UAE targets 25 percent local food sourcing for hotels and restaurants
UAE wants hotels and restaurants to buy 25 percent of their food locally, a shift that will reshape sourcing, menus and pricing for operators already reliant on imports.

Hotels and restaurants in the UAE will be asked to source a quarter of their agricultural and animal products from domestic suppliers under the Sustainable Product initiative, a target that pushes procurement teams to rethink where ingredients come from and how menus are built. Dr. Amna bint Abdullah Al Dahak, the minister of climate change and environment and chairman of the National Agriculture Centre, launched the initiative on 29 January 2026.
The target sits inside the UAE’s National Food Security Strategy 2051, which aims to make the country the world’s best in the Global Food Security Index by 2051. The strategy is built around sustainable food production, modern technology and stronger local production, and it organizes the national food basket into 18 main types. It also includes 38 short- and long-term initiatives, including diversification of import sources and alternative supply schemes with three to five sources for each major food category.

That matters because the country still depends heavily on imports. CBRE said the UAE has a significant deficit between current food production levels and local consumption needs, even though domestic output has grown since Covid. In early 2025, CBRE said the UAE aimed to triple food production by 2030, underscoring how much farm capacity, processing and transport would have to expand before a 25 percent local-sourcing target becomes routine for hotel banquets, casual dining chains and independent restaurants alike.
For operators, the practical work starts with supplier relationships. Local sourcing at that scale usually means narrower harvest windows, different cuts and grades, and more frequent menu changes to match what is actually available. It also raises the bar on consistency, especially for hotel kitchens that need the same product across breakfast service, room service and event catering. A partnership between Hilton and Fresh On Table shows the model is already being tested, with produce volume expected to rise from 440 tonnes to more than 900 tonnes a year.

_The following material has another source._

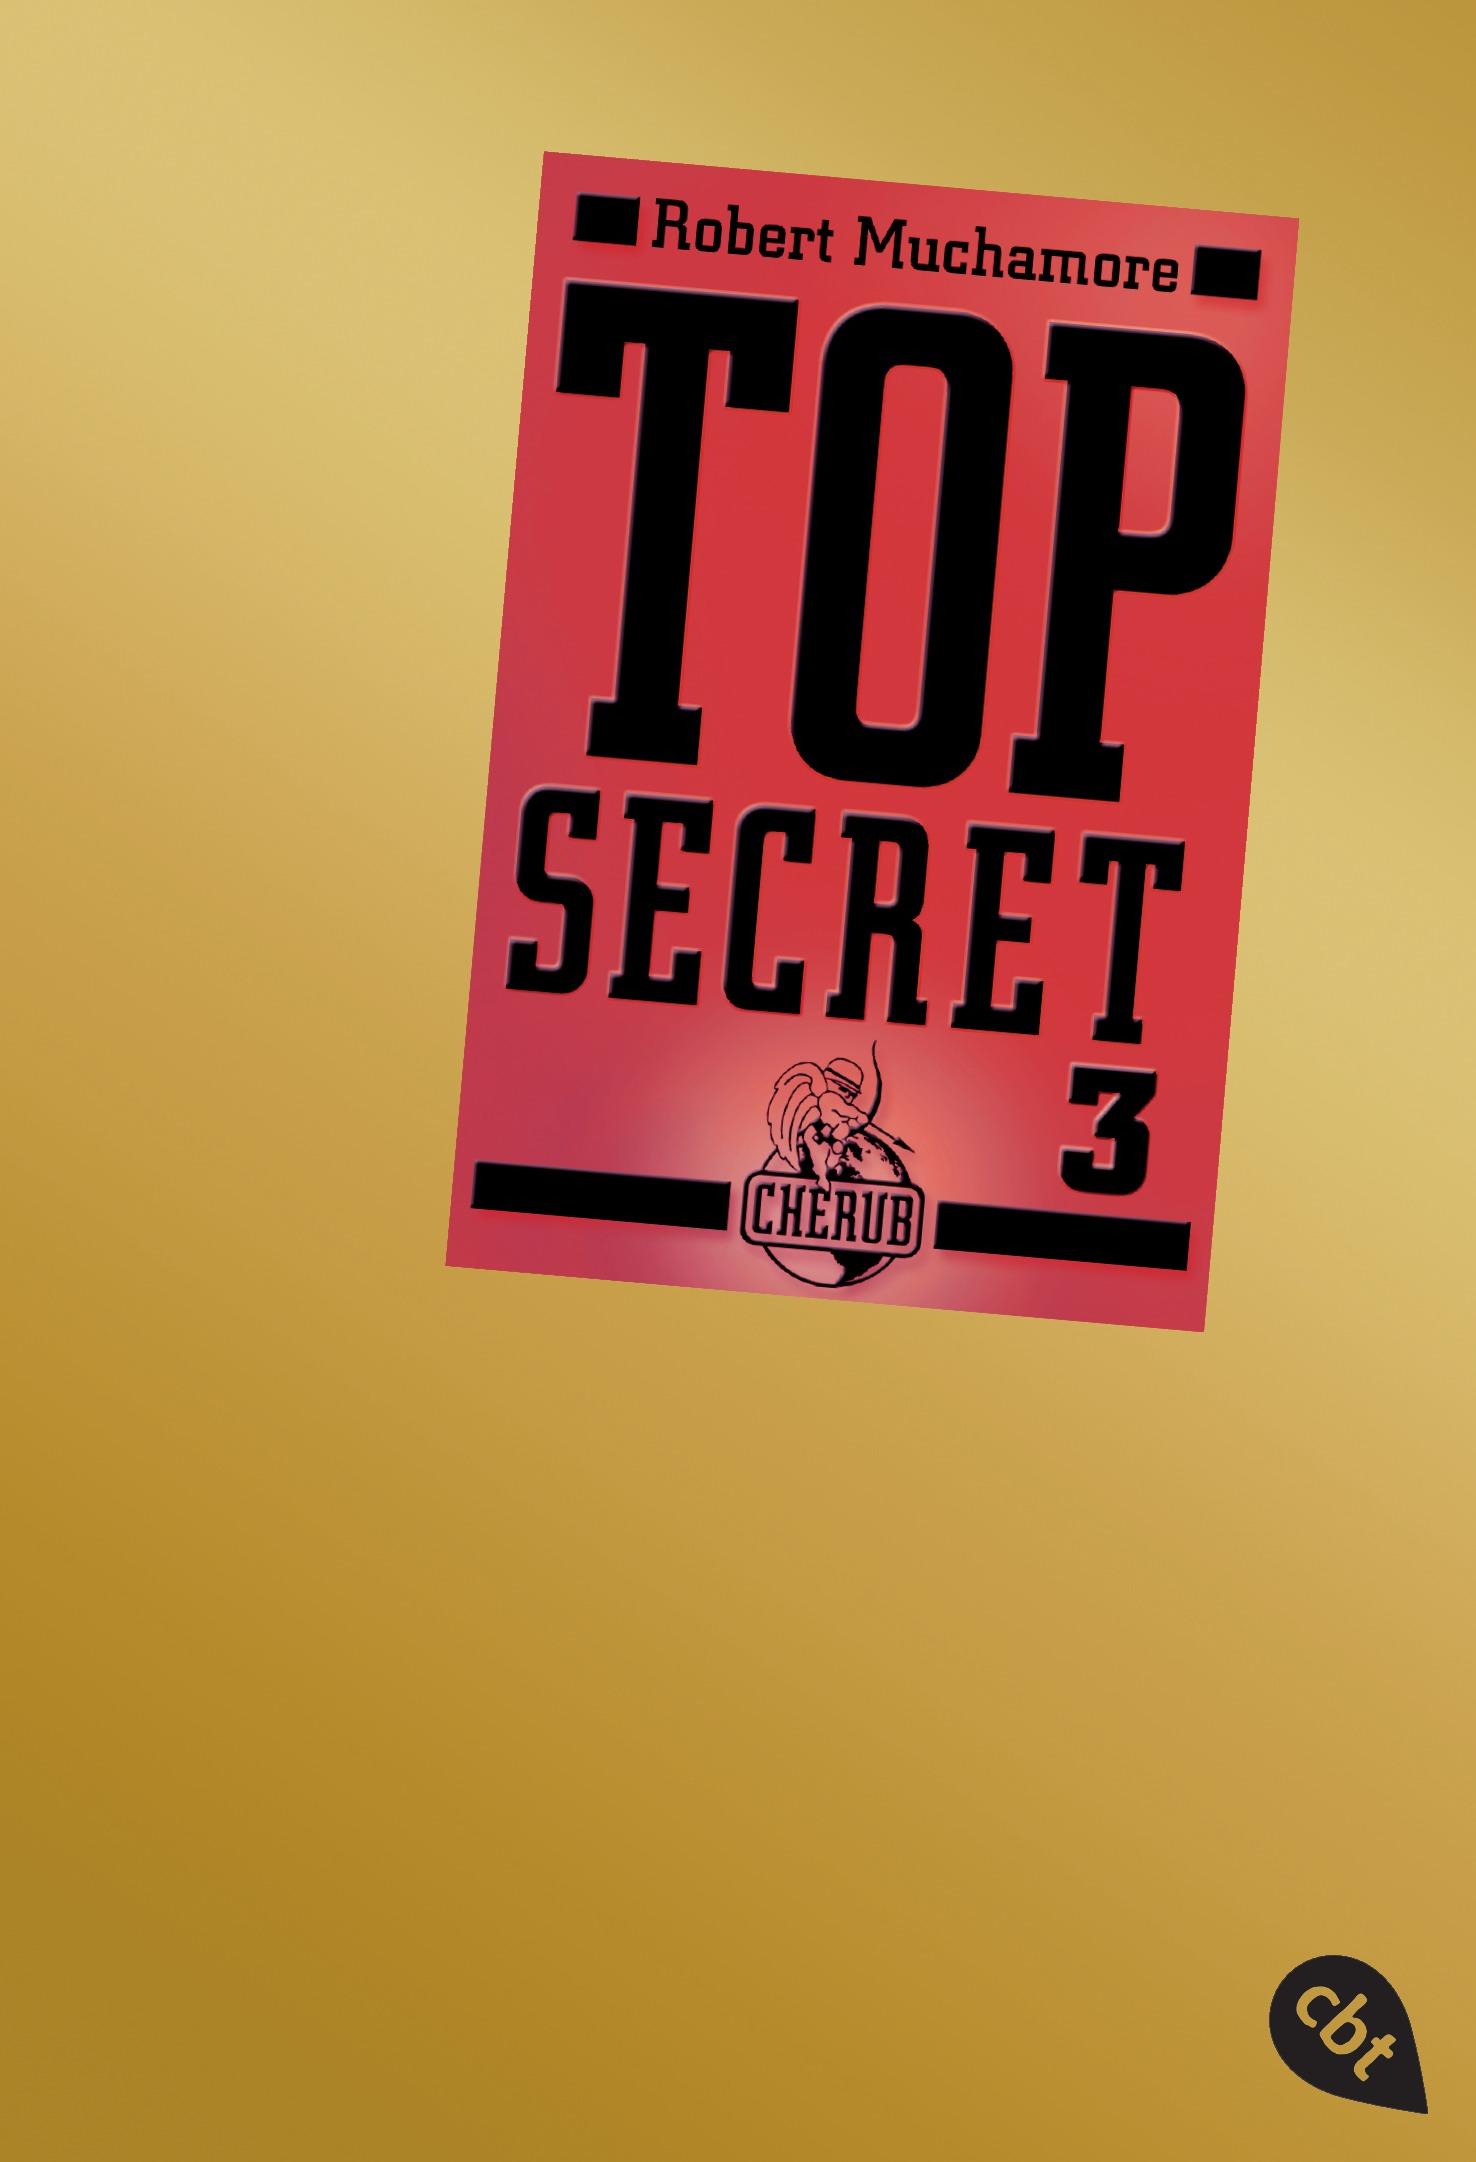 Top Secret - Der Ausbruch - Robert Muchamore

The logistics backbone still matters. Jebel Ali Port handles about 73 percent of the UAE’s food and beverage trade by value, while the first stage of Dubai Food District is set for 2027, showing how dependent the market remains on storage, distribution and import flow even as policymakers push for more domestic supply. Waste reduction is part of the same equation: one industry analysis estimated that about 38 percent of food prepared daily in the UAE goes to waste, a reminder that menu engineering, portion control and prep discipline will matter as much as farm output in keeping the new sourcing target workable.